Sampling Optimized Code for Type Feedback

Article by Olivier Flückiger, Andreas Wälchli, Sebastián Krynski, Jan Vitek, published at DLS ‘20. Slides, Talk.

To efficiently execute dynamically typed languages, many language implementations have adopted a two-tier architecture. The first tier aims for low-latency startup times and collects dynamic profiles, such as the types of every program variable. The second tier provides high-throughput using an optimizing compiler that specializes code to the recorded type information. If the program behavior changes to the point that not previously seen types occur in specialized code, that specialized code becomes invalid, it is deoptimized, and control is transferred back to the first tier execution engine which will start specializing anew.
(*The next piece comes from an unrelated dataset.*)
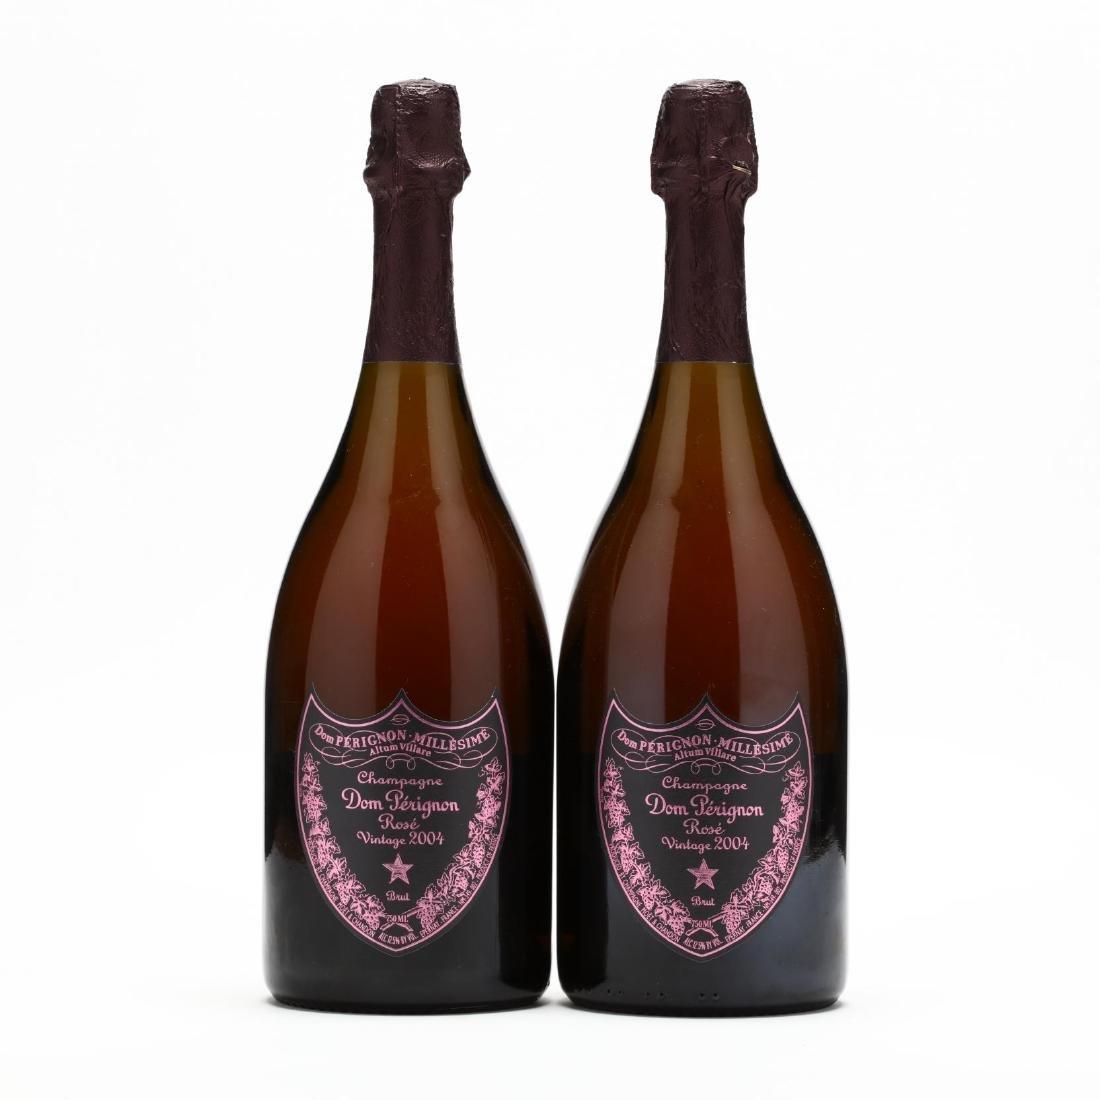 Moet et Chandon Champagne - Vintage 2004

However, if the program behavior becomes more specific, for instance, if a variable that was recorded as holding values of many types becomes monomorphic, no deoptimization will be triggered. Once the program is running optimized code, there are no means to notice that an opportunity for optimization has been missed or to restart specialization.

We propose to employ a sampling-based profiler to monitor native code without any instrumentation. The absence of instrumentation means that when the profiler is not active, no overhead is incurred. When the profiler is active, the overhead can be controlled by limiting the sampling rate. Our implementation is in the context of the Ř just-in-time, optimizing, compiler for the R language. Based on the sampled profiles, we are able to detect when the native code produced by Ř is specialized for stale type feedback and recompile it to more type-specific code. We show that recording in our profiler adds an overhead of less than 3% in most cases and up to 9% in few cases when engaged and that it reliably detects stale type feedback within milliseconds.